### Data excerpt ###

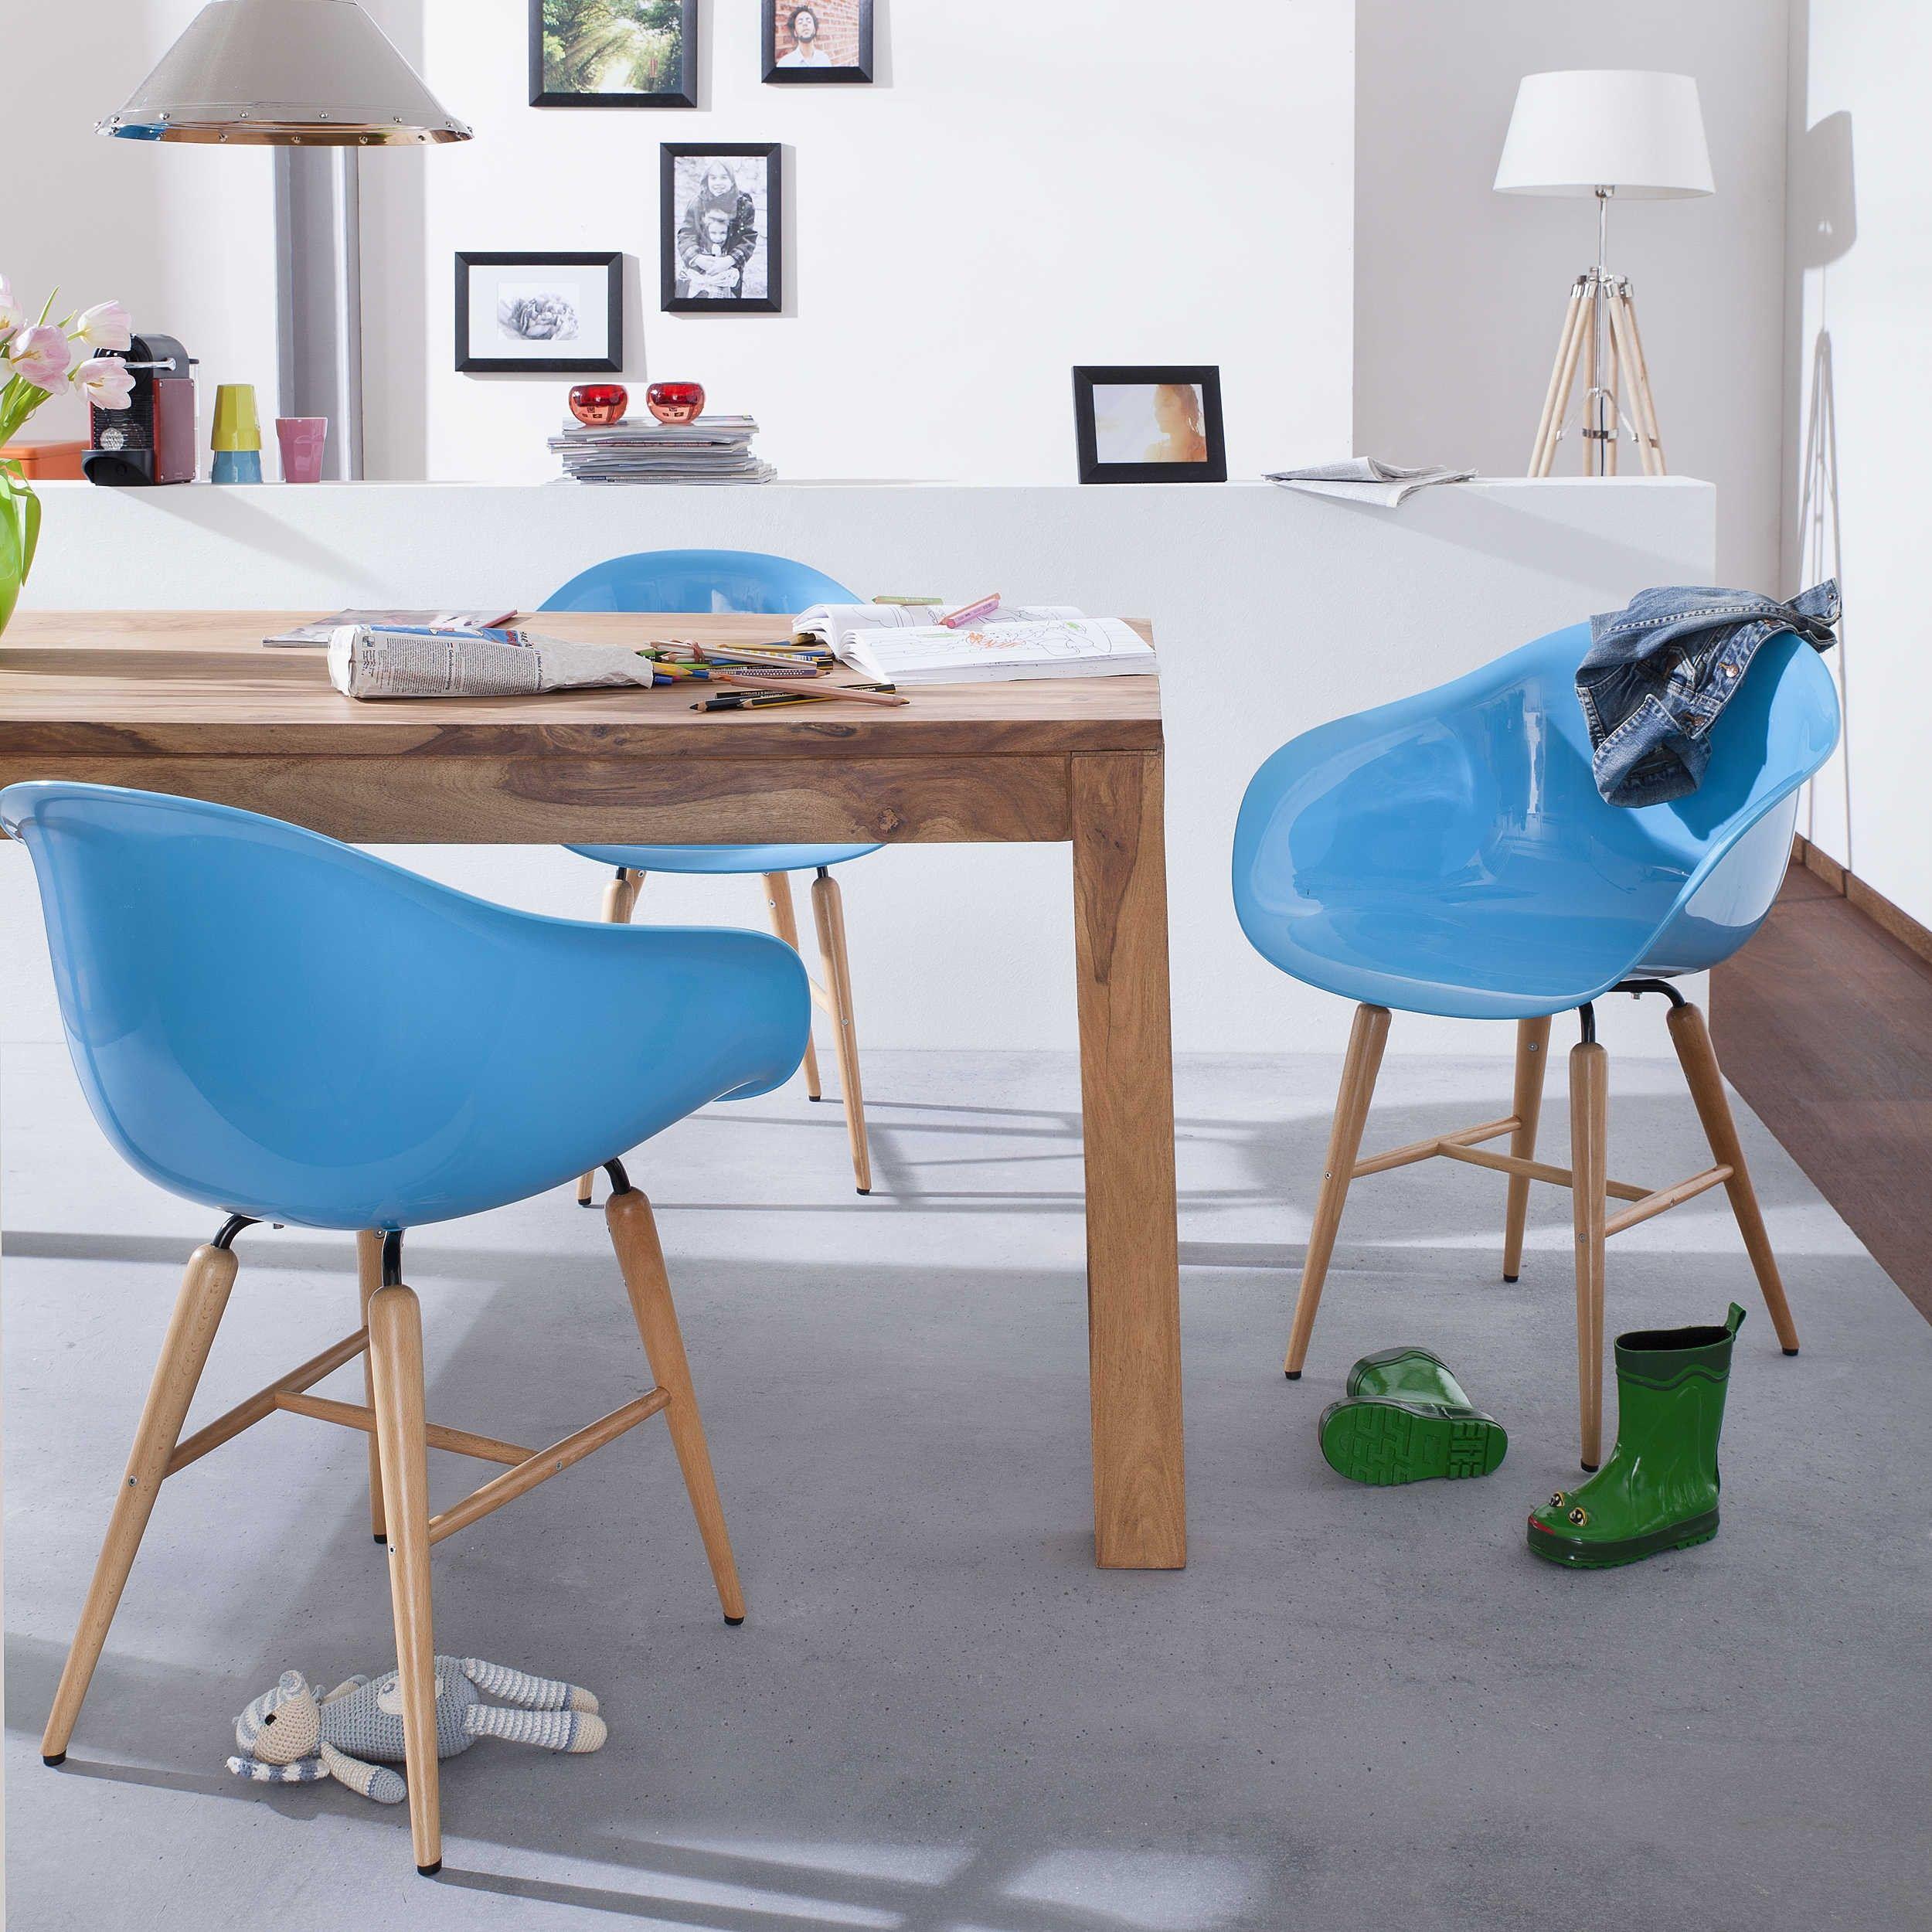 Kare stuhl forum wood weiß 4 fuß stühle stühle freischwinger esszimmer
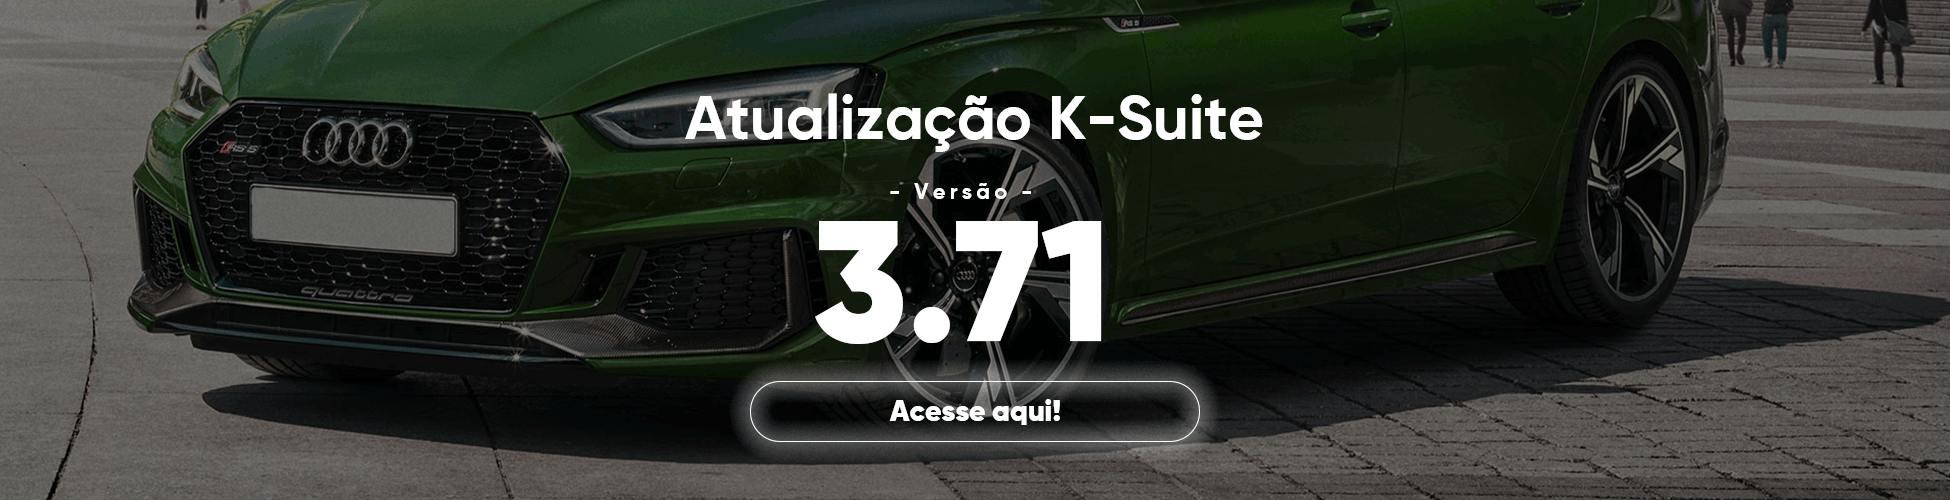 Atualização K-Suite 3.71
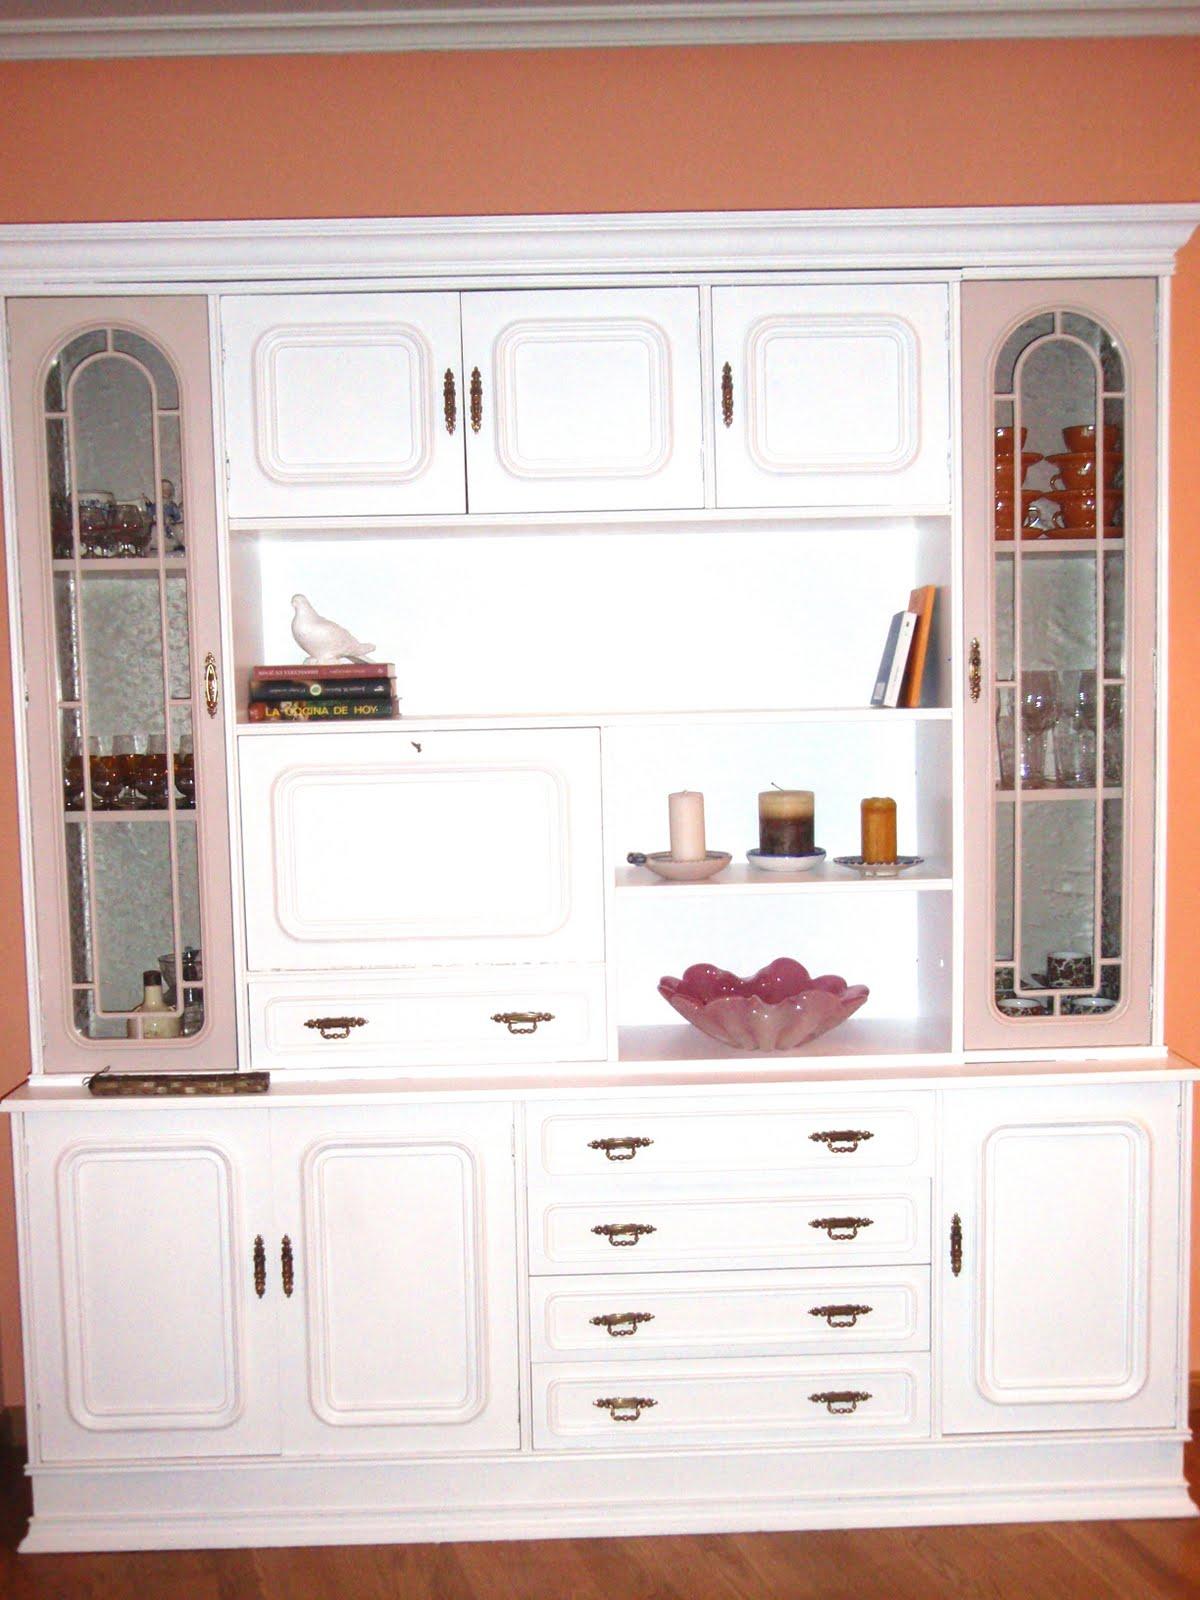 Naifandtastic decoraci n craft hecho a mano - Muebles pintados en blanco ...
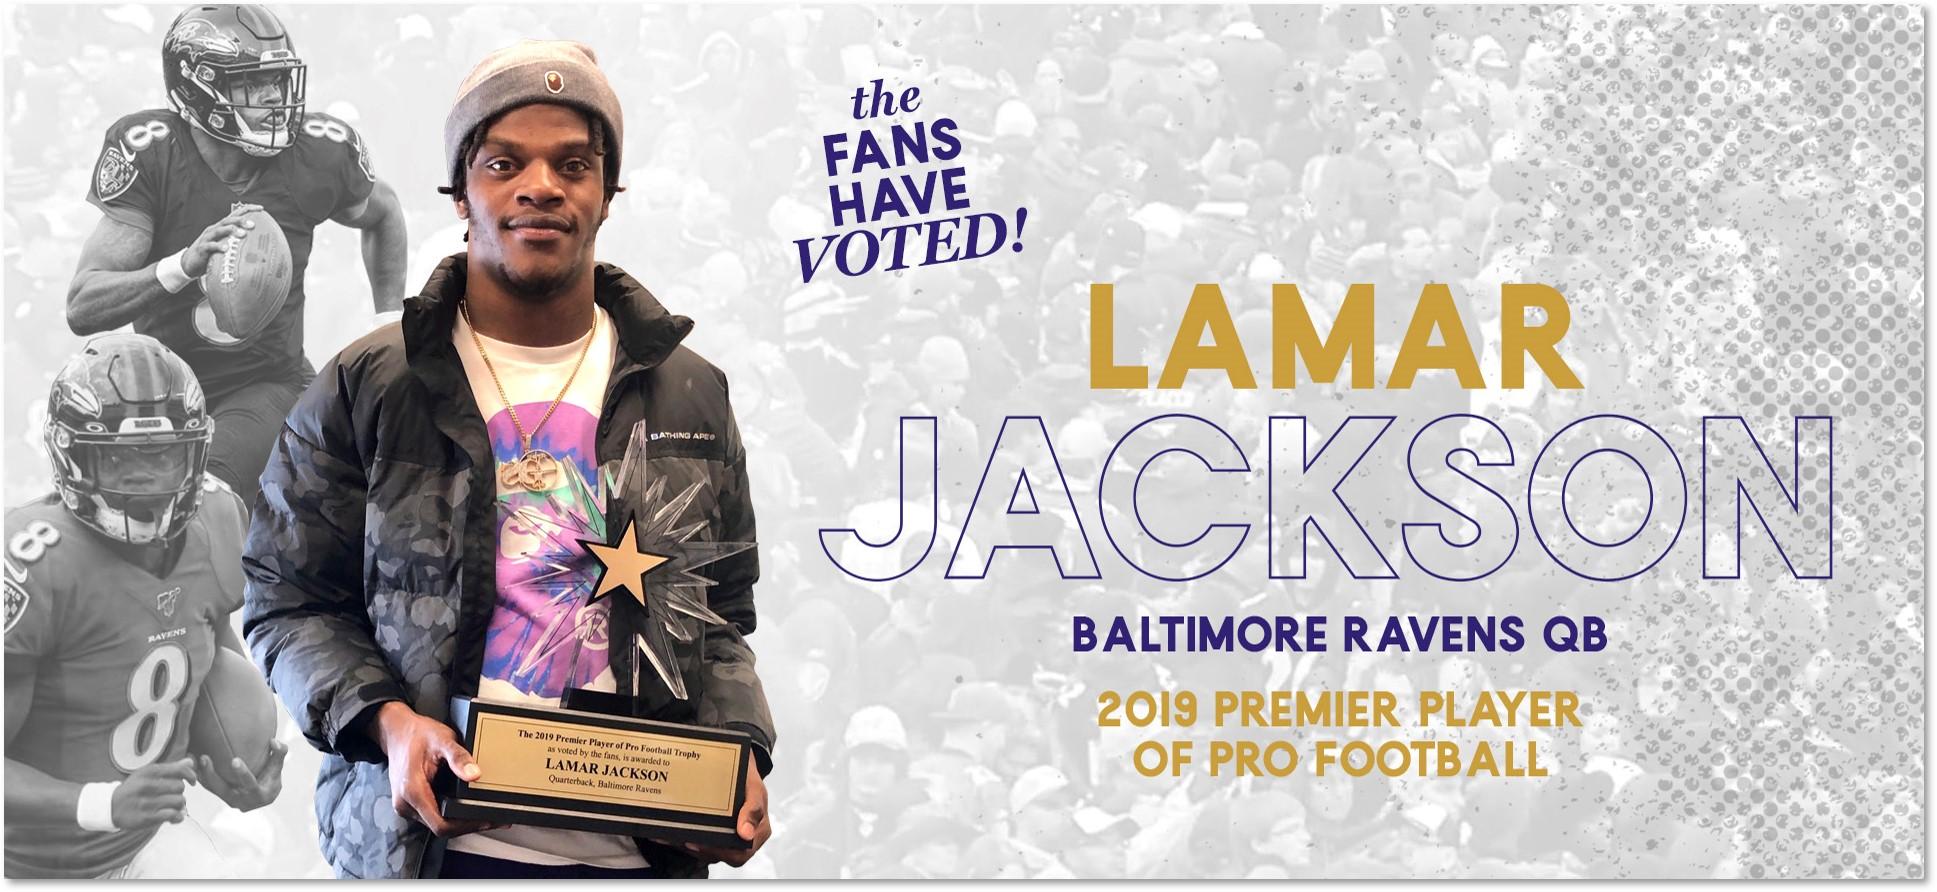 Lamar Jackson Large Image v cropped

###

How to complete this task: From the first line to the last, set down the data exactly, without the pictures.

Exercise output:
 Kare stuhl forum wood weiß 4 fuß stühle stühle freischwinger esszimmer
 Atualização K-Suite 3.71
 Naifandtastic decoraci n craft hecho a mano - Muebles pintados en blanco ...
 Lamar Jackson Large Image v cropped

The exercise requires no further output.